Надо было уходить, но какая-то сила удерживала ребят у порога дома бывшего партизанского командира, который умер накануне их приезда. Словно стены дома хранили тайну судьбы Зимородка. Хозяйка тоже не торопилась закрыть дверь. Наконец она нарушила неловкое молчание.
– Чего вы хотели от Петра Ильича?
– Мы разыскиваем одного бойца. Мы были на его могиле...
– Как его фамилия?
– В отряде его звали Зимородком...
– Зимородок? – Хозяйка дома произнесла это имя на свой лад, делая ударение на первом слоге. И на лице ее отразился слабый отблеск улыбки. Зимородок! Забавный был паренек. Он ходил в мою школу.
– Какой номер школы? – не удержался Василь.
– У школы не было номера... Это была партизанская школа. Днем я учила ребятишек. Вместо считальных палочек были стреляные гильзы... А вечером учились бойцы.
В большой землянке были низкие, давящие потолки, а две коптилки, сделанные из медных артиллерийских гильз, стояли на столе и высвечивали небольшое пространство и классную доску, настоящую классную доску. Парты тоже были настоящие: видимо, их вывезли из уцелевшей школы. Но они казались очень маленькими и тесными, потому что за ними сидели здоровые дяди. Некоторые бородатые. При свете коптилок эти бороды выглядели как-то зловеще.

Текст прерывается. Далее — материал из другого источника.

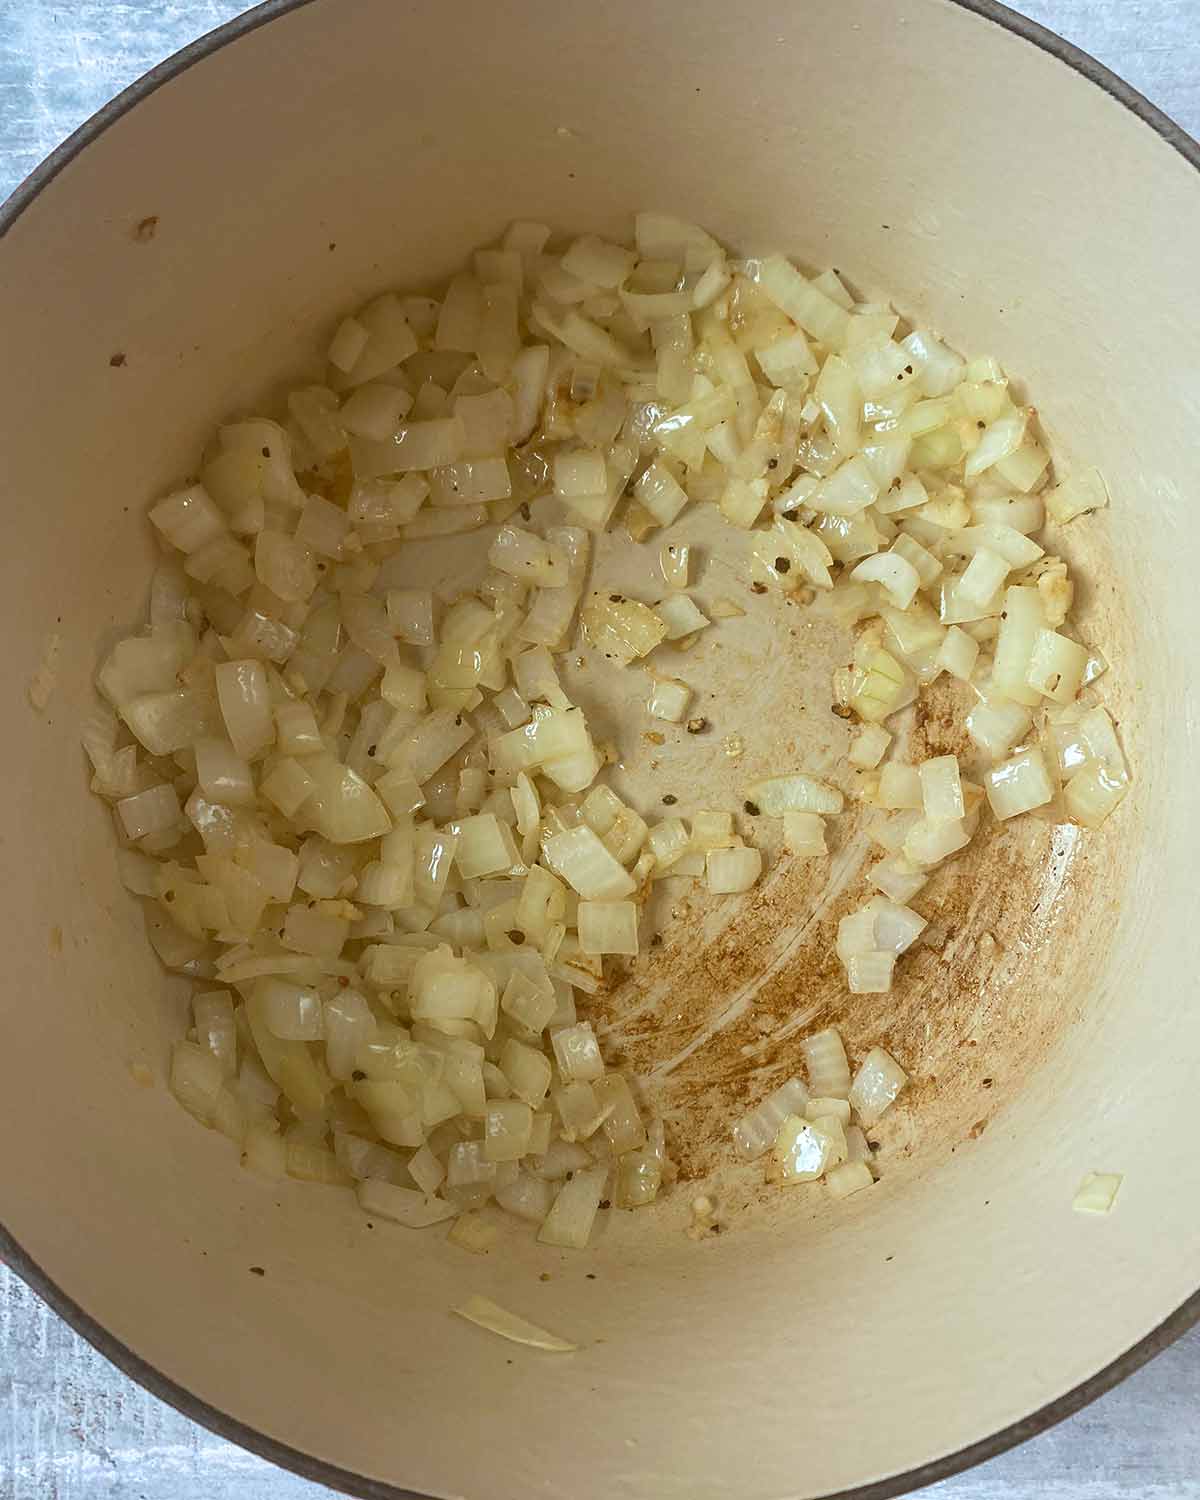 A large cooking pot with chopped onions cooking in it.

Еще коптилки освещали лицо учительницы, молодое, удивительно красивое. Гладкие черные волосы были заплетены в косу. Учительница выглядела очень молодой, а ученики очень старыми, хотя были они одногодками.
– У нас кончился мел, – сказала учительница, – не знаю, как быть.
– Я раздобуду вам мел.
Из-за парты поднялся невысокий парень в пиджаке, застегнутом на три пуговицы. Его глаза весело горели: в каждом зрачке играл уменьшенный огонек коптилки.
– Где ты раздобудешь?
– Военная тайна. Завтра будет у вас мел.
– Как твоя фамилия? – спросила учительница. – Ты в отряде новичок?
– Новичок! – ответил парень. – Зовут меня Зимородок.
Бородатые ученики захихикали.
– Разве человека не могут звать Зимородком? – спросил он, поворачиваясь к товарищам. – Я могу свистеть иволгой.
Все снова рассмеялись.
– Вот чудаки, – чуть обиженно сказал парень. – Я дело говорю, а они смеются...
– Послушай, Зимородок, ты сколько классов кончил? – спросила учительница.
– Восемь.
– А мы за пятый проходим. Зачем ты пришел?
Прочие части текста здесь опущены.